Mengandung Benih Sang Mantan!
Bab 25- Jalan-jalan


__ADS_3

"Sayang, Mommy pulang!"


Selang beberapa waktu Trisya pun pulang, beruntung Bryant sudah mengantar Zalia tepat waktu dan kembali ke-kantor kemudian pulang setelah Trisya agar dia tidak curiga.


"Bagaimana sekolahnya hari ini?" tanya Trisya pada Zalia yang tengah menikmati makan malamnya.

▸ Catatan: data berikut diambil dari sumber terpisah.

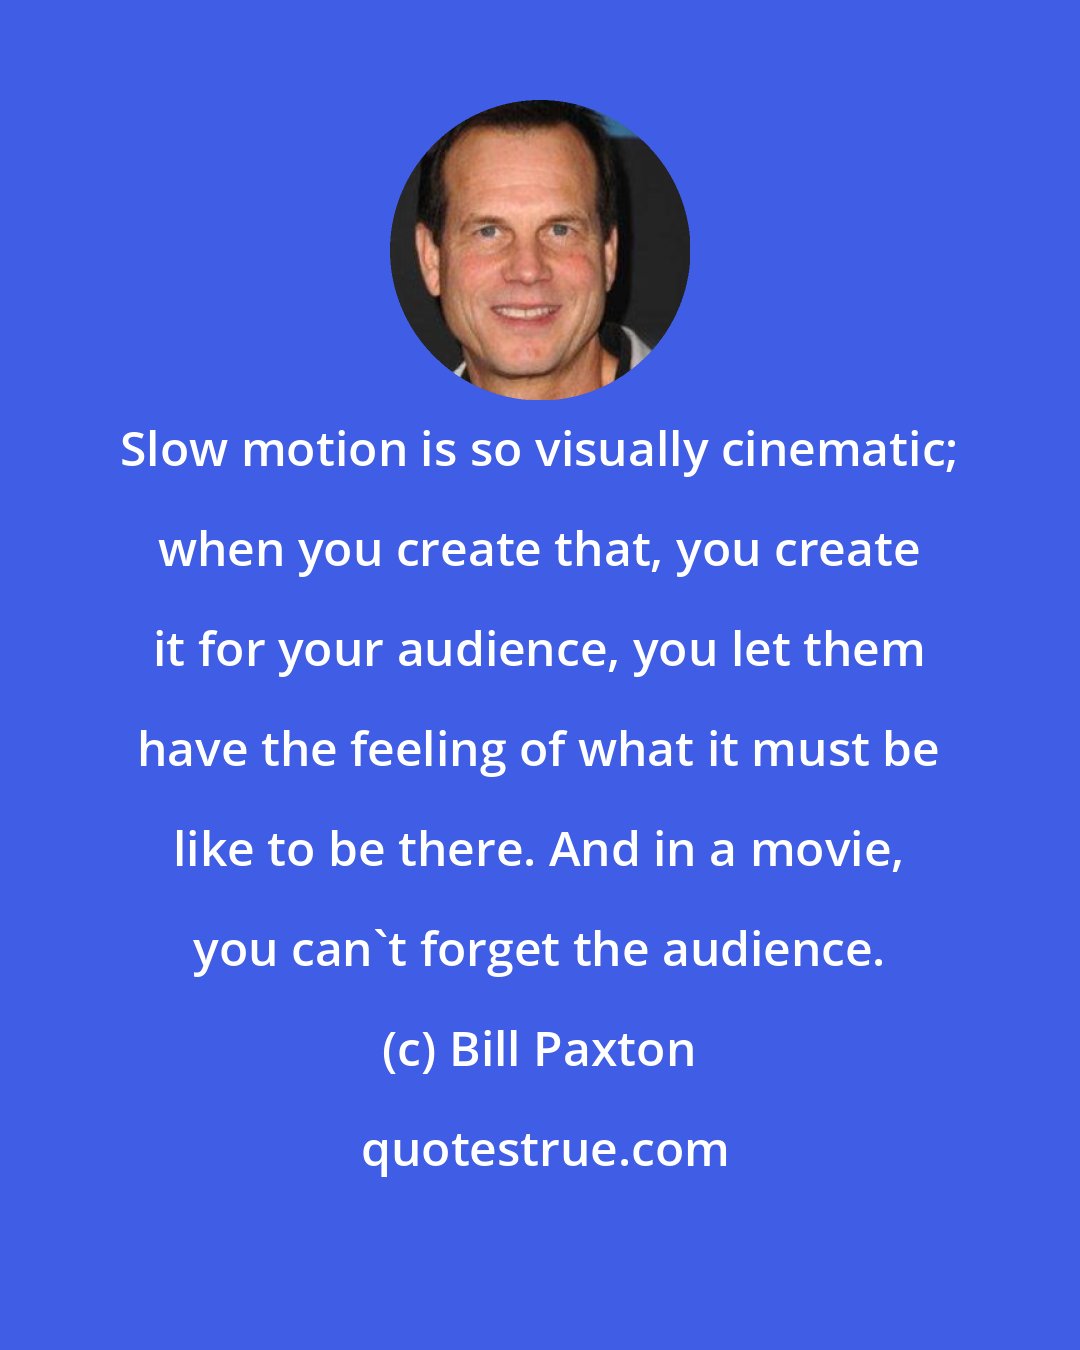 Bill Paxton: Slow motion is so visually cinematic; when you create that, you create it for your audience, you let them have the feeling of what it must be like to be there. And in a movie, you can't forget the audience.

"Sangat menyenangkan!" jawab Zalia.


Trisya tersenyum lembut seraya mengusap kepala Zalia.


'Tetaplah bahagia, Nak. Itu yang Mommy inginkan!'


"Syukurlah, ayo habiskan makanannya."


Trisya duduk diam menghadap jendela menatap keluar dengan segelas minuman di tangannya.


'Sebenarnya apa yang di inginkan pria itu? Seakan dia sangat mencintaiku,' Trisya mendengus kasar.


Seandainya sikap Bryant dulu begini, mungkin perasaan Trisya akan sangat bahagia, tapi sekarang, rasanya usaha dia itu sia-sia saja, hatinya telah membeku dan mungkin akan selamanya tetap begitu.


...----------------...


Hari pun berlalu sama seperti biasanya, dia selalu mengabaikan Bryant seolah pria itu tak pernah ada.


"Mommy, sebenarnya Om tetangga itu siapa sih? Dia selalu liatin Mommy, begini." Zalia menirukan cara Bryant menatap Trisya.


"Dia bukan siapa-siapa sayang, sudah abaikan saja." Ucap Trisya sembari mencium pucuk kepala putrinya.


Saat ini mereka tengah berada di dalam taksi, Trisya hendak mengajak Zalia ke-taman hiburan, untuk menikmati waktu libur mereka.


"Berhenti disini saja, Pak. Ayo sayang!" Trisya menuntun Zalia turun setelah dia membayar ongkos taksi.


"Woah Mommy, tempatnya sangat bagus, aku ingin naik itu!" ucap Zalia antusias saat melihat komedi putar dan berbagai wahana permainan yang tersedia disana.


"Oke, kita beli tiket dulu."


Trisya duduk mengawasi Zalia sembari menyesap gelas kopi di genggamannya. Seseorang duduk di samping Trisya, namun tak membuat wanita itu bergeming.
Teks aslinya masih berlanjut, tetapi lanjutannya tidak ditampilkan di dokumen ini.